▸ Given information:
⟨

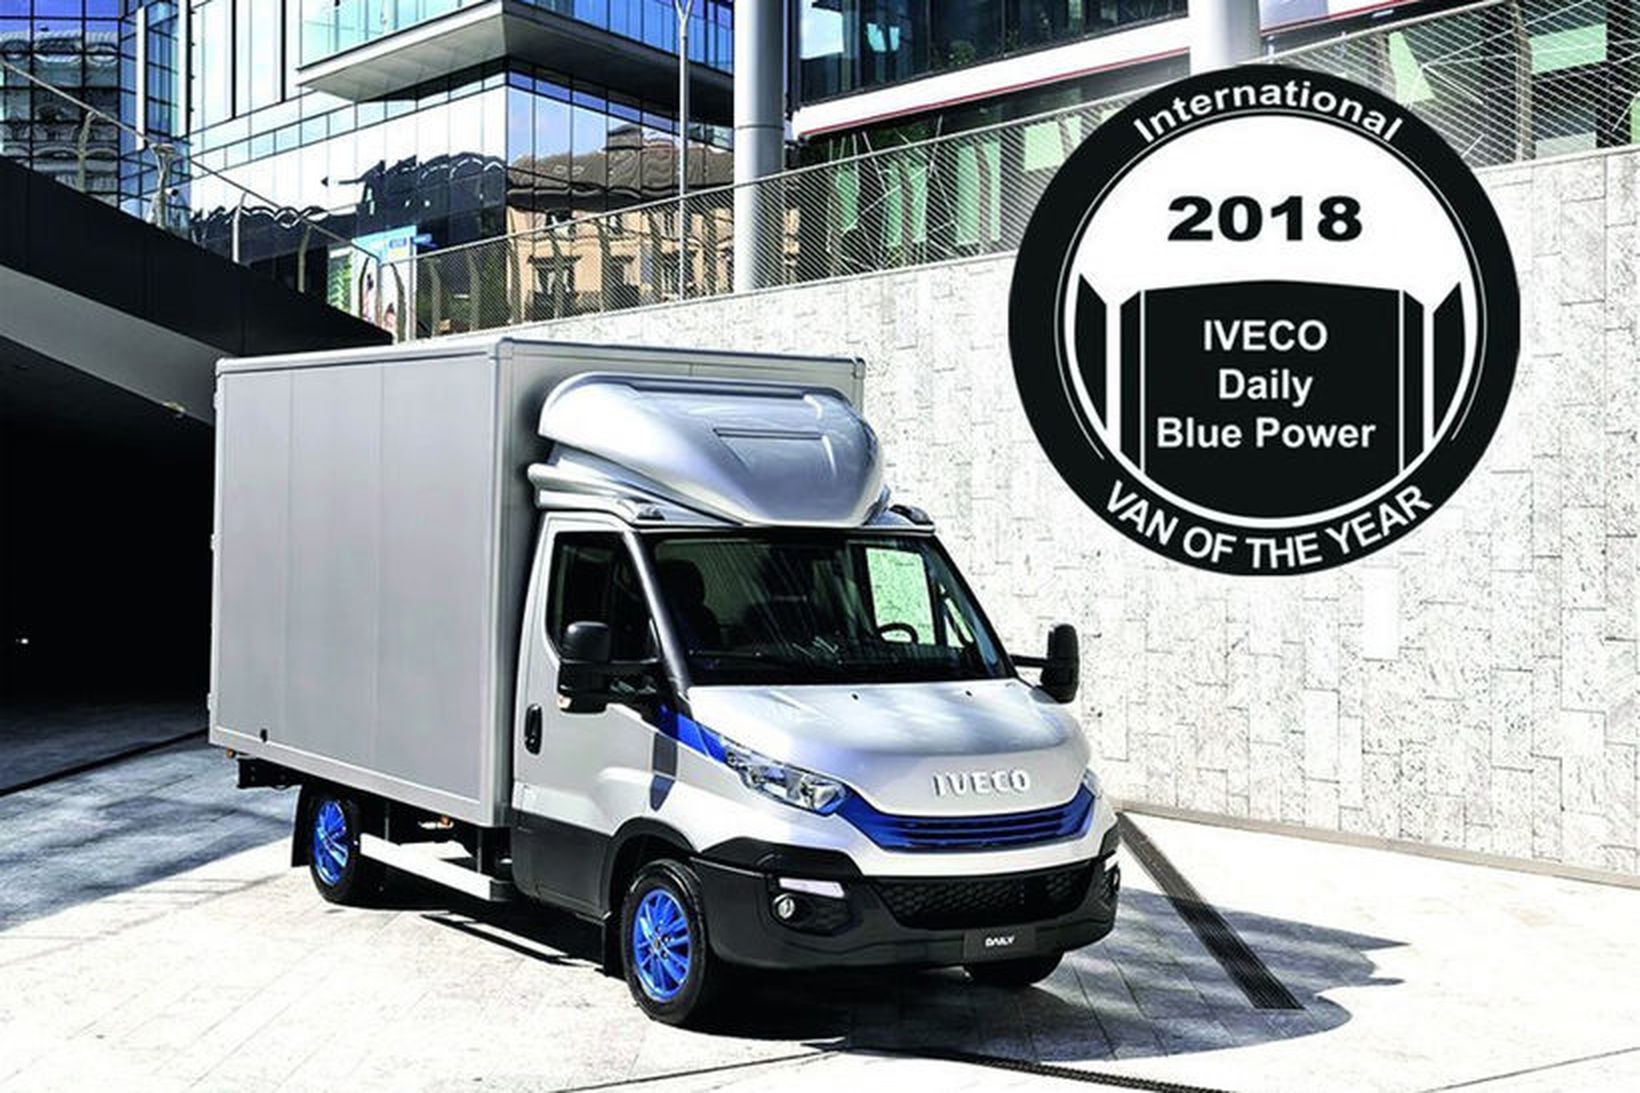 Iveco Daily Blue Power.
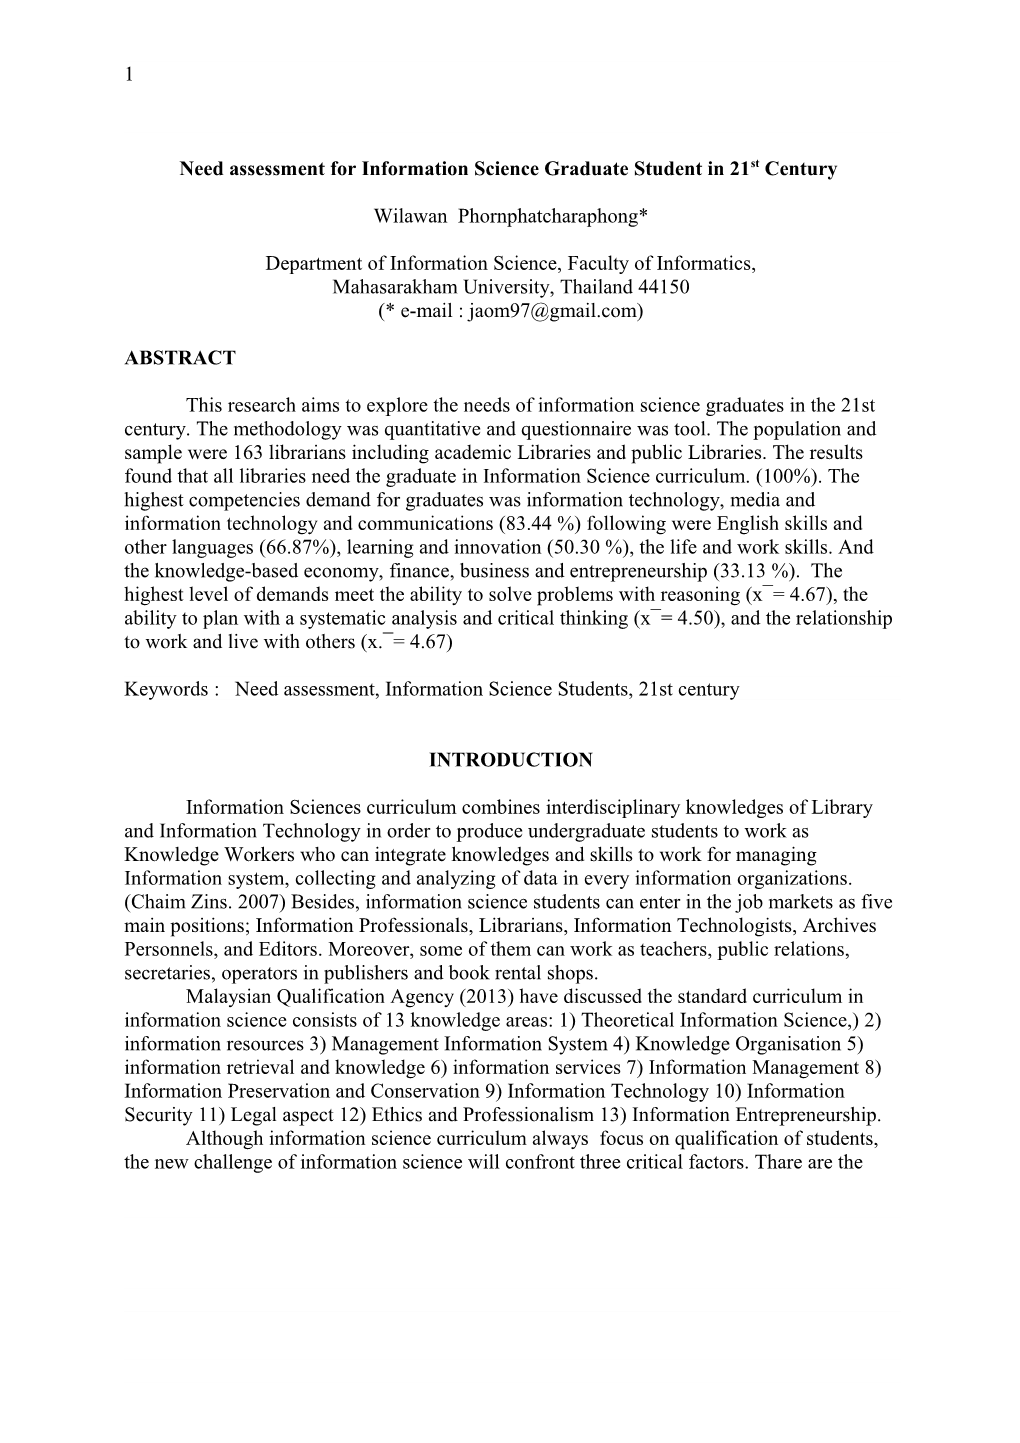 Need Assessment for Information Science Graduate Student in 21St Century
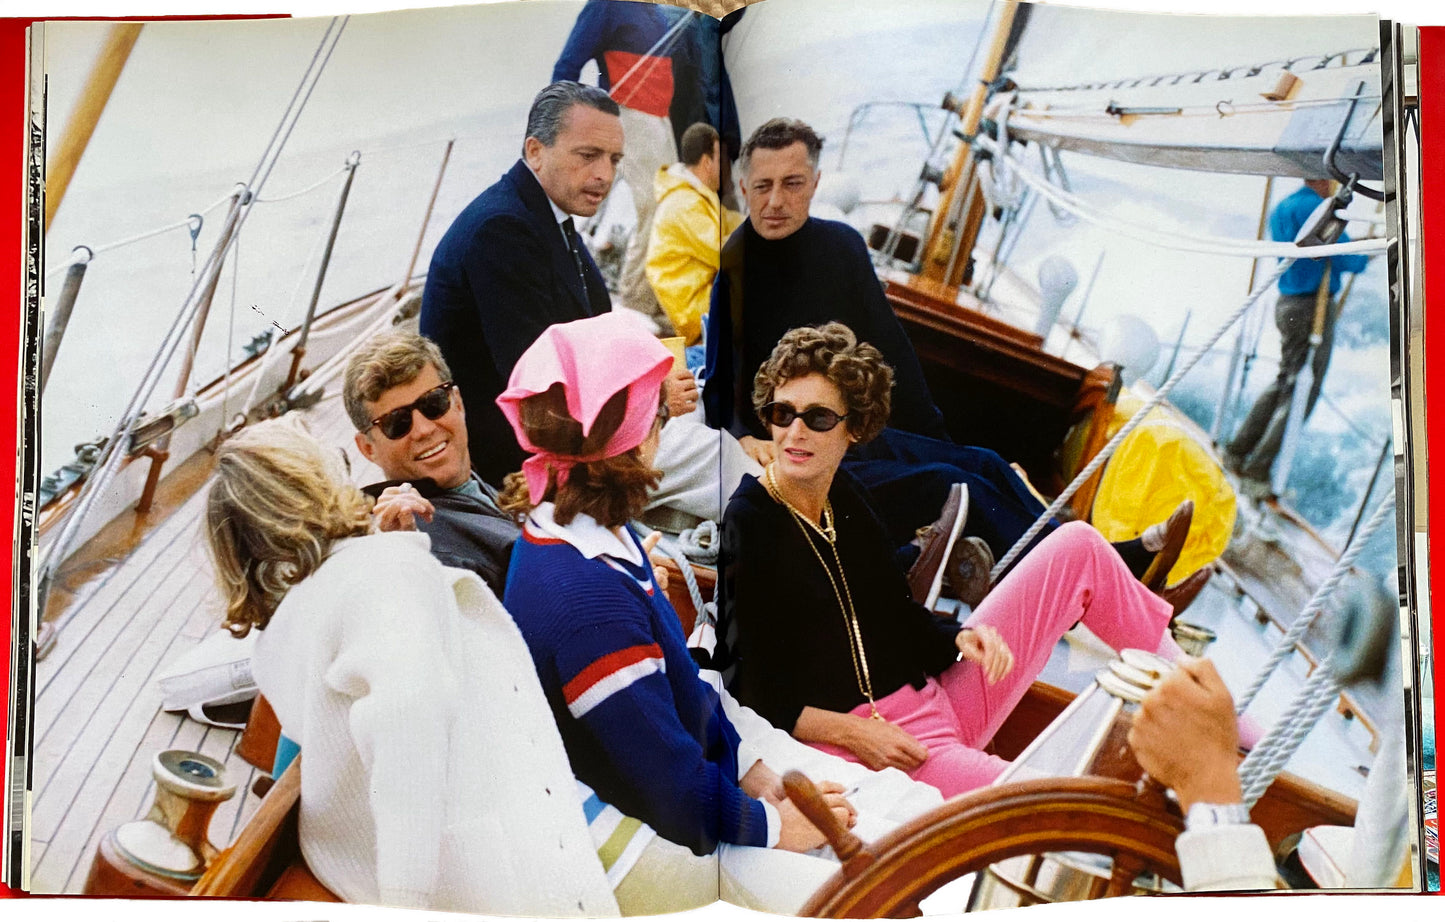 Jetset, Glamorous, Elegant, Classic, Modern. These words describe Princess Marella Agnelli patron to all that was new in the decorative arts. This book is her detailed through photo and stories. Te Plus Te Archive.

⟩

▸ Aim of the task: Your job is to reproduce the material exactly. Keep pictures out of it.

▸ Answer space:
 Iveco Daily Blue Power.
 Need Assessment for Information Science Graduate Student in 21St Century
 Jetset, Glamorous, Elegant, Classic, Modern. These words describe Princess Marella Agnelli patron to all that was new in the decorative arts. This book is her detailed through photo and stories. Te Plus Te Archive.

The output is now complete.